Session: (0403–0431) Spondyloarthritis Including PsA – Treatment Poster I: AxSpA
0418: Real World Evidence on Disease Activity in Patients with Ankylosing Spondylitis Treated with Tumour Necrosis Factor Inhibitors and/or Nonsteroidal Anti-Inflammatory Drugs in Routine Care
Jan Brandt-Juergens1, Judith Haschka2, Richard Finsterwalder3, Aurélie Casier4, Angela Kill5 and Stéphanie Dierckx6, 1Rheumatologische Schwerpunktpraxis, Berlin, Germany, 2Karl Landsteiner Institute for Gastroenterology and Rheumatology Rheuma-Zentrum Wien-Oberlaa, Vienna, Austria, 3Novartis Pharma GmbH, Vienna, Austria, 4N.V. Novartis Pharma S.A., Vilvoorde, Belgium, 5Novartis Pharma GmbH, Nuremberg, Germany, 6CHU UCL Namur- Site Godinne, Yvoir, Belgium
Background/Purpose: Ankylosing Spondylitis (AS) is an inflammatory rheumatic disease affecting the axial skeleton (1), with a prevalence of up to 0.5% in Europe (2; 3), and occurs in men twice as often than in women (4). 80% develop AS symptoms before the age of 30 (4). Nonsteroidal Anti-Inflammatory Drugs (NSAIDs) and biological Disease-Modifying Antirheumatic Drugs (DMARDs) such as Tumour Necrosis Factor inhibitors (TNFi) are the first choice in pharmacological treatments for AS patients (5; 6). Data on disease activity and disease control in AS patients treated in real life settings are limited. Therefore, the main objectives of the study were to evaluate the average disease activity status in the study population and assess the percentage of AS patients with a suboptimal treatment response following at least 12 weeks of treatment with TNFi and/or NSAIDs.

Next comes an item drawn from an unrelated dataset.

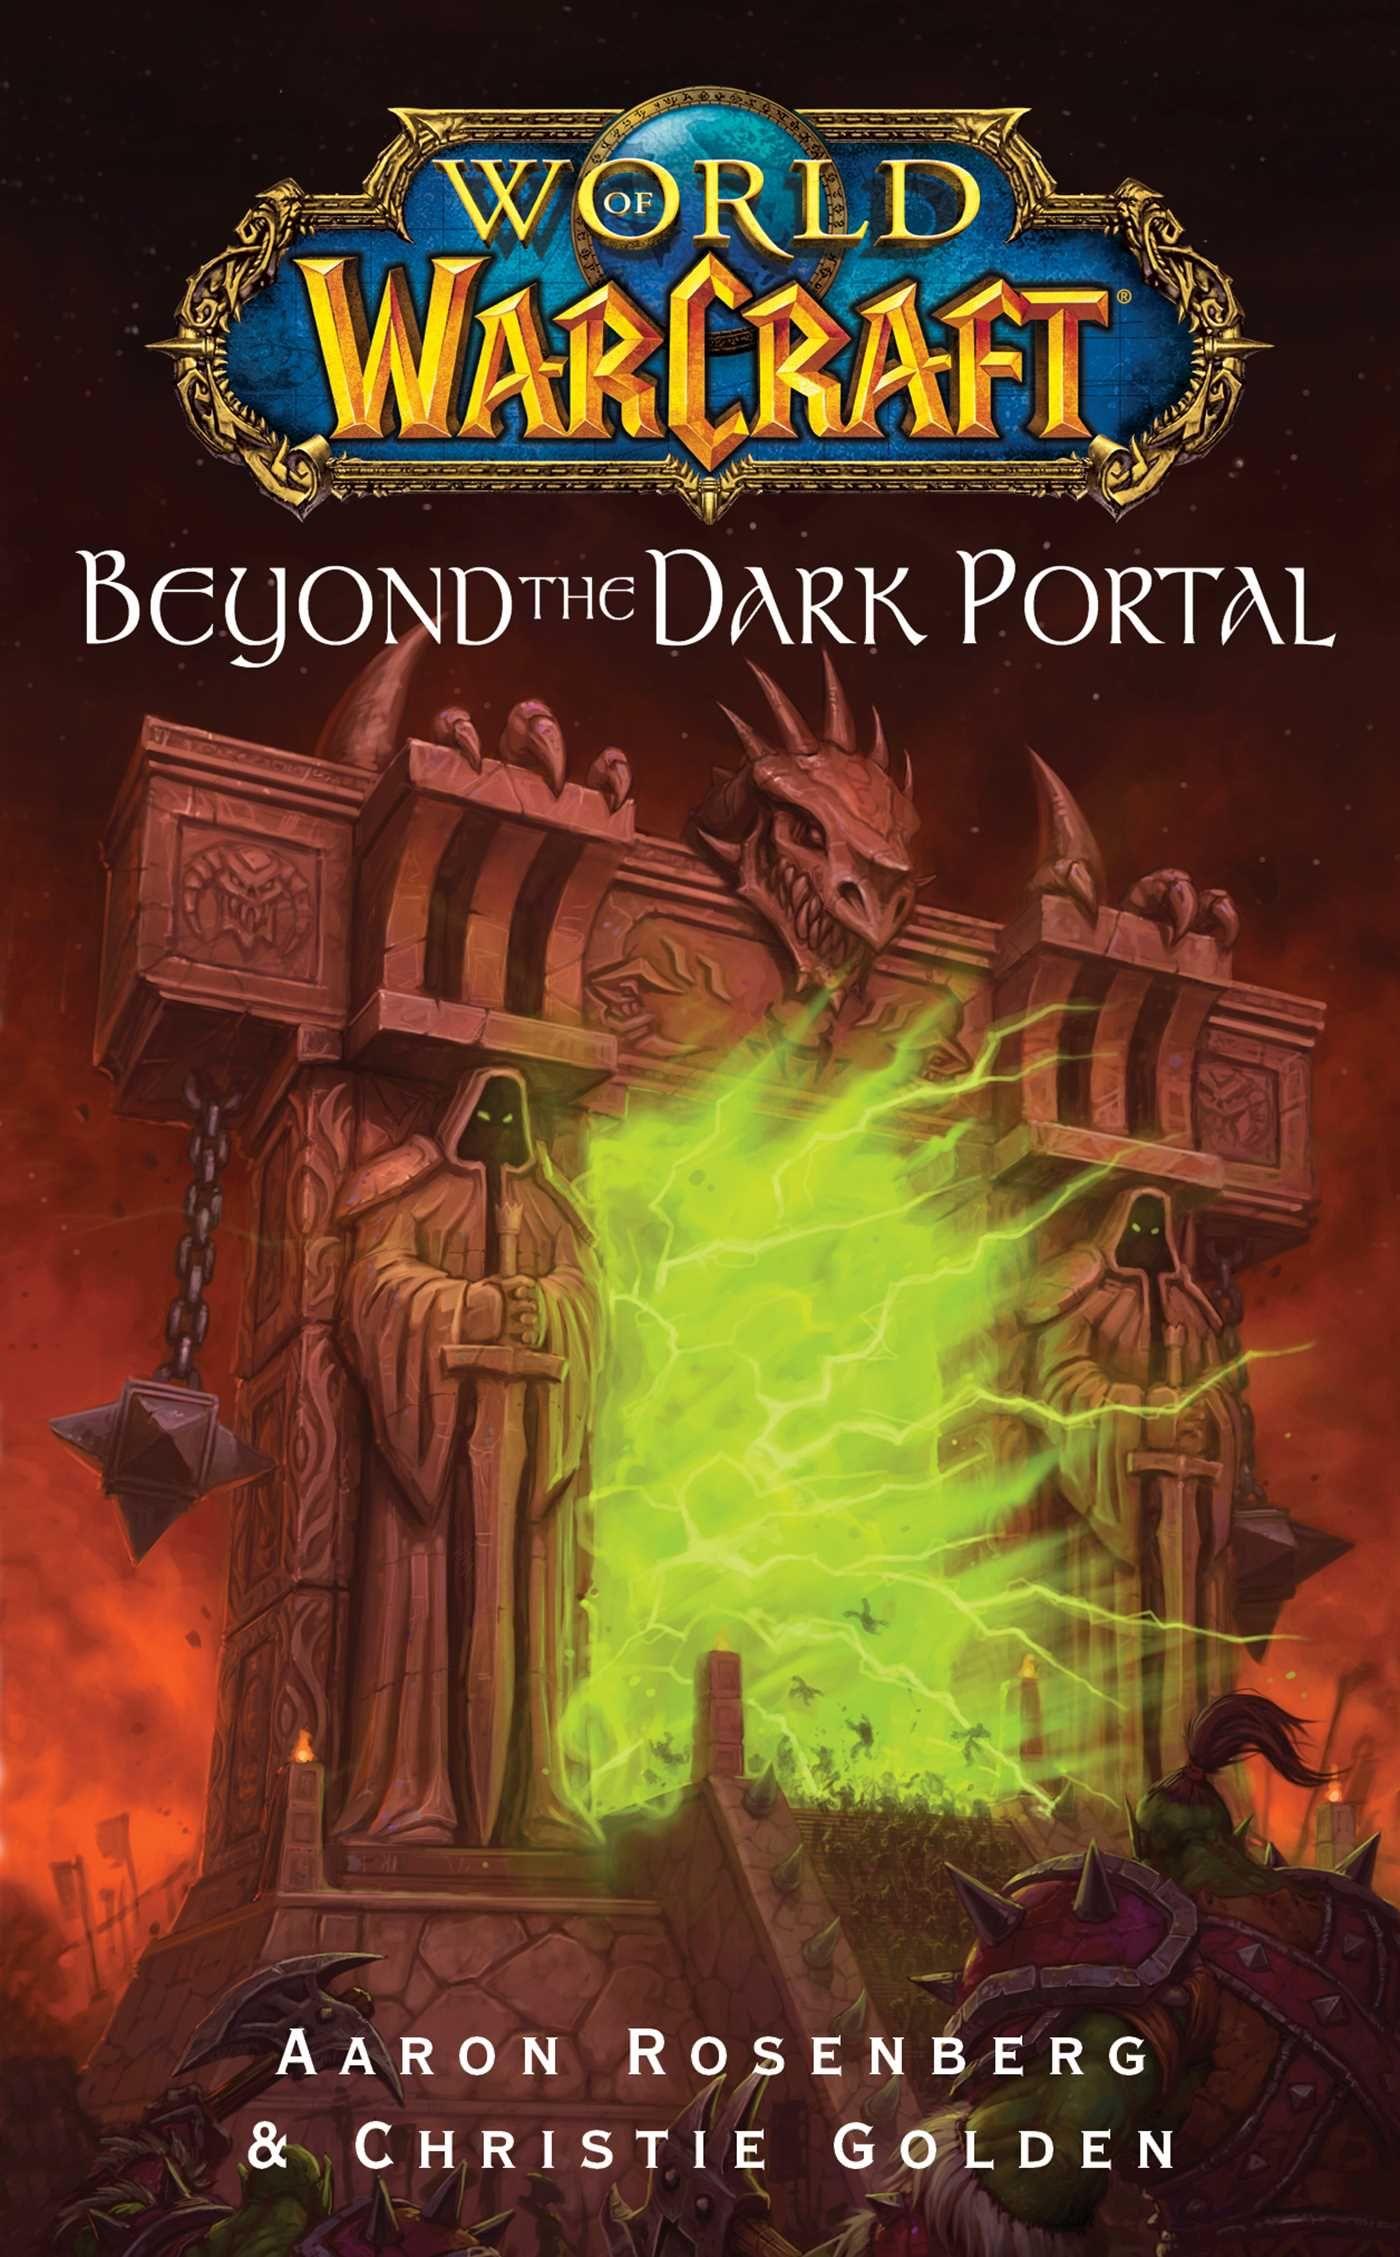 World of Warcraft: Beyond the Dark Portal - 1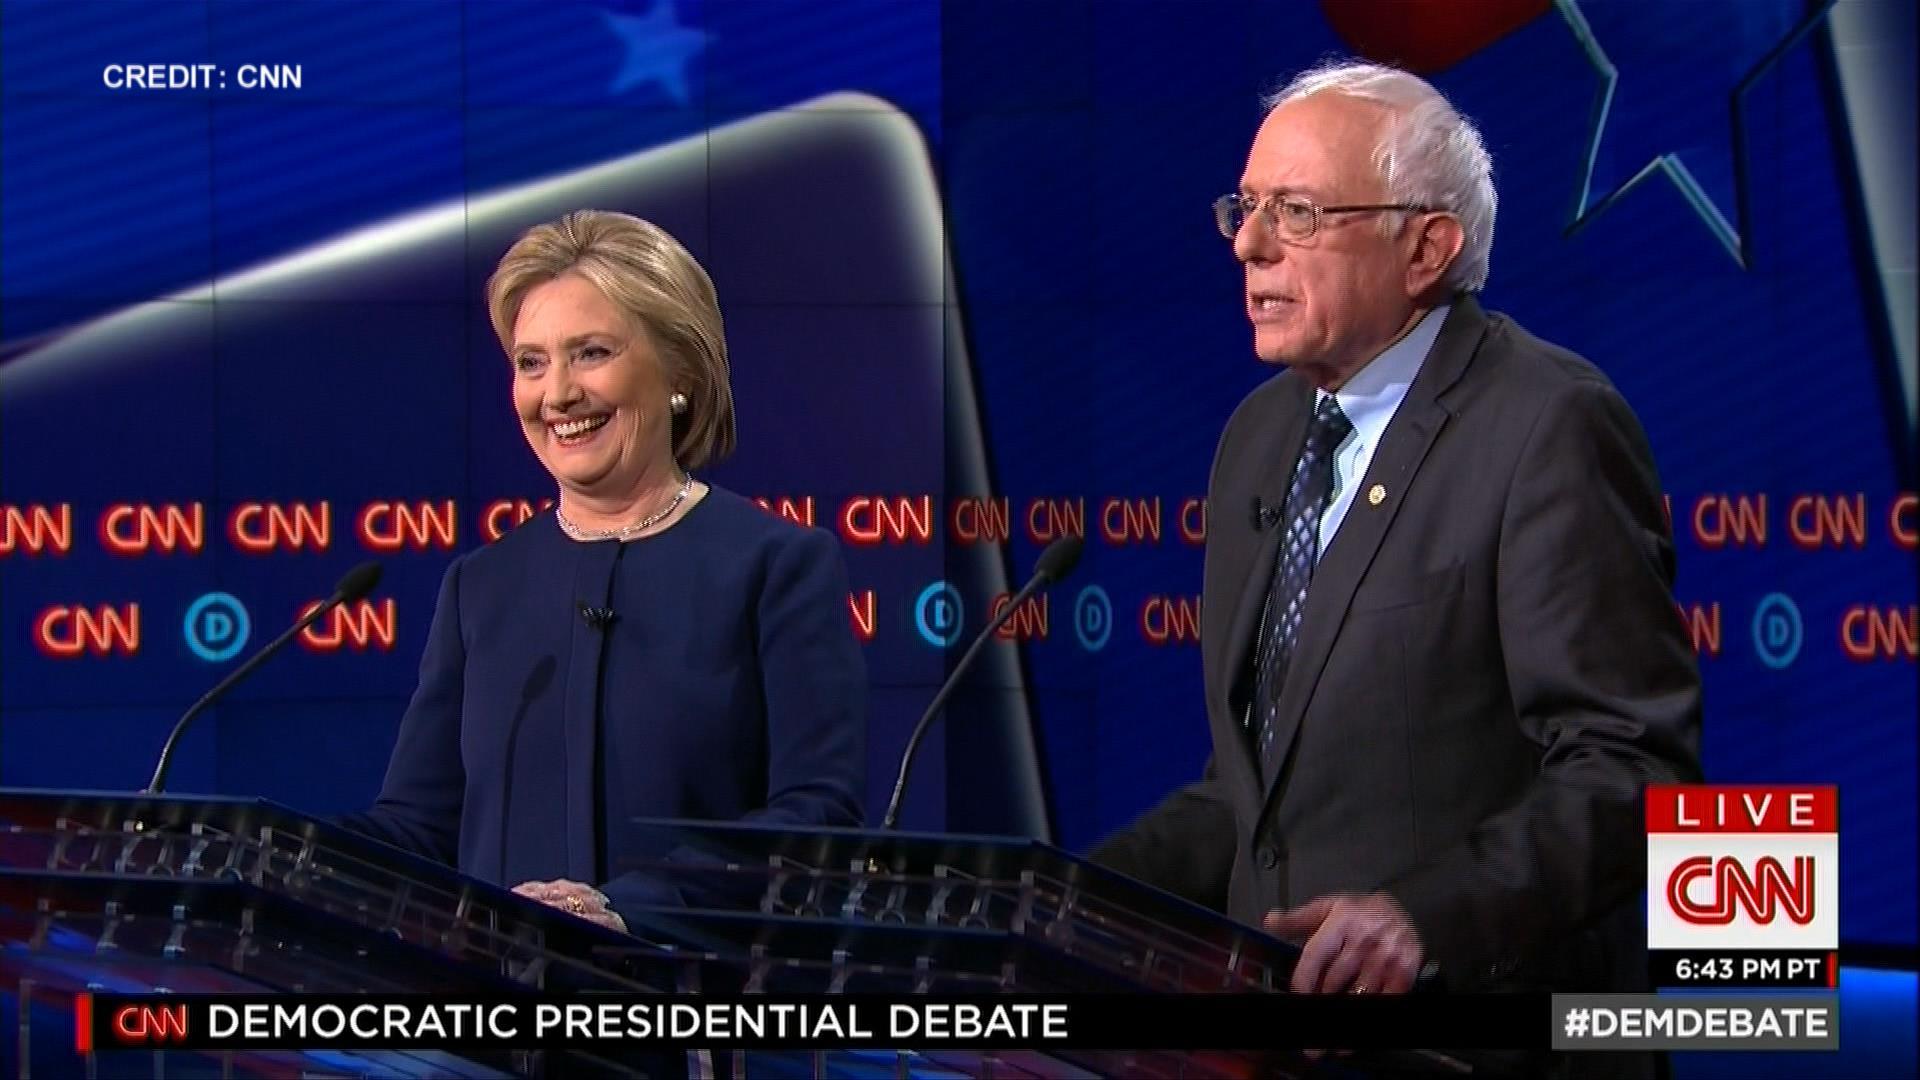 Sanders pokes fun at GOP debates

1. Braun, J and J, Sieper.Lancet. 2007, Vol. 369, pp. 1379–90. 2. Braun, J, et al.Arthritis Rheum. 1998, Vol. 41, 1, pp. 58-67. 3. Dean, LE, et al.Rheumatology. 2014, Vol. 53, pp. 650-657. 4. Feldtkeller, E, et al.Rheumatol Int. 2003, Vol. 23, pp. 61–66. 5. Dougados, M, et al.Ann Rheum Dis. 2002, Vol. 61, suppl 3, pp. 40–50. 6. Braun, J, et al.Ann Rheum Dis. 2006, Vol. 65, pp. 316–20.
Methods: INVISIBLE was a multinational, cross-sectional, non-interventional study in Germany, Austria and Belgium. Adult patients with confirmed diagnosis of AS for at least 6 months and ongoing treatment with TNFi and/or NSAIDs for at least 12 weeks prior to enrolment were included. Primary data were collected at a single visit using Bath Ankylosing Spondylitis Disease Activity Index (BASDAI), Ankylosing Spondylitis Disease Activity Score (ASDAS) and Patient Acceptable Symptom State (PASS) among others. Medical history data were collected from available patient files.
Results: 747 adult AS patients were included in this analysis. 67% of patients were male. Mean symptom duration was 18.2 years. HLA-B27 status was available for 696 patients and 77% of these patients were tested positive. Appr. 23% of patients received NSAIDs, 42% received TNFi, 30% received both NSAIDs and TNFi, 5% received other treatment for at least 12 weeks prior to enrolment. Mean BASDAI and ASDAS scores were 3.4 and 2.2, respectively. Appr. 40% of patients achieved a BASDAI score ≥4 and appr. 50% an ASDAS ≥2.1. Patients with a BASDAI score ≥4 achieved higher scores in most physician and patient reported outcomes. Overall appr. 35% of patients were not satisfied with their current symptom state according to PASS. Of patients with a BASDAI score ≥4 appr. 61% were not satisfied according to PASS.
Conclusion: Results from the non-interventional study INVISIBLE showed that a high proportion of AS patients receiving NSAIDs and/or TNFi have high disease activity according to BASDAI and ASDAS in real life settings. These results suggest that in some patients, disease control and treatment response are suboptimal under current treatment strategy.
Disclosures: J. Brandt-Juergens, AbbVie/Abbott, Bristol-Myers Squibb(BMS), Janssen, Eli Lilly, Merck/MSD, Novartis, Pfizer, Roche, UCB, Sanofi-Aventis, Medac, Gilead, Gilead, Affibody; J. Haschka, Eli Lilly, Amgen; R. Finsterwalder, None; A. Casier, None; A. Kill, None; S. Dierckx, None.